-- Dataset excerpts follows --
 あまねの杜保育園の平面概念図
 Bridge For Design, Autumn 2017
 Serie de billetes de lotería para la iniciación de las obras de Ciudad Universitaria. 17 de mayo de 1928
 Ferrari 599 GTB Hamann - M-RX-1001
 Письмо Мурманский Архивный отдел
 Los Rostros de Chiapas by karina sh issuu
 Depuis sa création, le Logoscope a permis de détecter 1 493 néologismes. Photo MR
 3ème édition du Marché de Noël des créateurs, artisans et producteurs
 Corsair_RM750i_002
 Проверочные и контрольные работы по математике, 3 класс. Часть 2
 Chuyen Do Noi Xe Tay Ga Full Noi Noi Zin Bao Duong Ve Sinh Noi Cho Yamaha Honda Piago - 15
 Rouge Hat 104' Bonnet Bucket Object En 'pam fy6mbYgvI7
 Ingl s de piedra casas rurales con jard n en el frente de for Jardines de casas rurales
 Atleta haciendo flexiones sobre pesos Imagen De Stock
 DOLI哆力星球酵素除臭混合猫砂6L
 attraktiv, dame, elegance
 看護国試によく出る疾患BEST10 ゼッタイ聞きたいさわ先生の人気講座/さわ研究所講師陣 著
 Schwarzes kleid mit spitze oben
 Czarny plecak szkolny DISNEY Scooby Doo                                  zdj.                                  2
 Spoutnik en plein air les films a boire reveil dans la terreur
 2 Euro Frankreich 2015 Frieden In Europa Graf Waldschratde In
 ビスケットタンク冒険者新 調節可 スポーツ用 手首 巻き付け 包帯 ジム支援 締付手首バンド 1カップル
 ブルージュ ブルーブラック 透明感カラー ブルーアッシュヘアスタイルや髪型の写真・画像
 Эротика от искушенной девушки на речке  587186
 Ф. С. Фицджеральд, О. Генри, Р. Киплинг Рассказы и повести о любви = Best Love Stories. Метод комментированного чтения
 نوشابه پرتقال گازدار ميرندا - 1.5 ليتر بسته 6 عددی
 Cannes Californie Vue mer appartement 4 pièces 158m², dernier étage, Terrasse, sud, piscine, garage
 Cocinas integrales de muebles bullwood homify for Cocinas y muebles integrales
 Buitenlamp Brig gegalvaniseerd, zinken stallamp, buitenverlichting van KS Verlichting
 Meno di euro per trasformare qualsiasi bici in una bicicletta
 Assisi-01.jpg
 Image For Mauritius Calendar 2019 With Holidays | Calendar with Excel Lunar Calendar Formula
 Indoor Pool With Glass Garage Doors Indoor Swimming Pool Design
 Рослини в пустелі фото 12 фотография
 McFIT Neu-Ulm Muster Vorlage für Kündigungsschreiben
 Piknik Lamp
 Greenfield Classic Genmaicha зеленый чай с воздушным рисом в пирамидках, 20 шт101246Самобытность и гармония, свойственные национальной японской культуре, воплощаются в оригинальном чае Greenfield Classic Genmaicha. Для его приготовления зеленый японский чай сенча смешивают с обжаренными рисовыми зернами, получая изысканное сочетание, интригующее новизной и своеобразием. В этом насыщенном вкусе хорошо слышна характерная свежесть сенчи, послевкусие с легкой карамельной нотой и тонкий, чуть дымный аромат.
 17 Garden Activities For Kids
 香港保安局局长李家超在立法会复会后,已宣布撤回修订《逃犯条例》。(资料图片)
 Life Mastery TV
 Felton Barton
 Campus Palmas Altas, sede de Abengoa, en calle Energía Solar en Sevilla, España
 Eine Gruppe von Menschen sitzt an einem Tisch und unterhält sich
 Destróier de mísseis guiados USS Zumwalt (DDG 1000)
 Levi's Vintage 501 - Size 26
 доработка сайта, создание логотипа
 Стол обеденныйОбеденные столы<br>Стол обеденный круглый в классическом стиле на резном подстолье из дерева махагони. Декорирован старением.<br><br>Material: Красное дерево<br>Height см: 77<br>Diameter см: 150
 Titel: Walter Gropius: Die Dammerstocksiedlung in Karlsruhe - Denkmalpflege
-- Dataset excerpts concluded --
Every line that contains the string "With" should be copied from the entries.

Answer space:
 Image For Mauritius Calendar 2019 With Holidays | Calendar with Excel Lunar Calendar Formula
 Indoor Pool With Glass Garage Doors Indoor Swimming Pool Design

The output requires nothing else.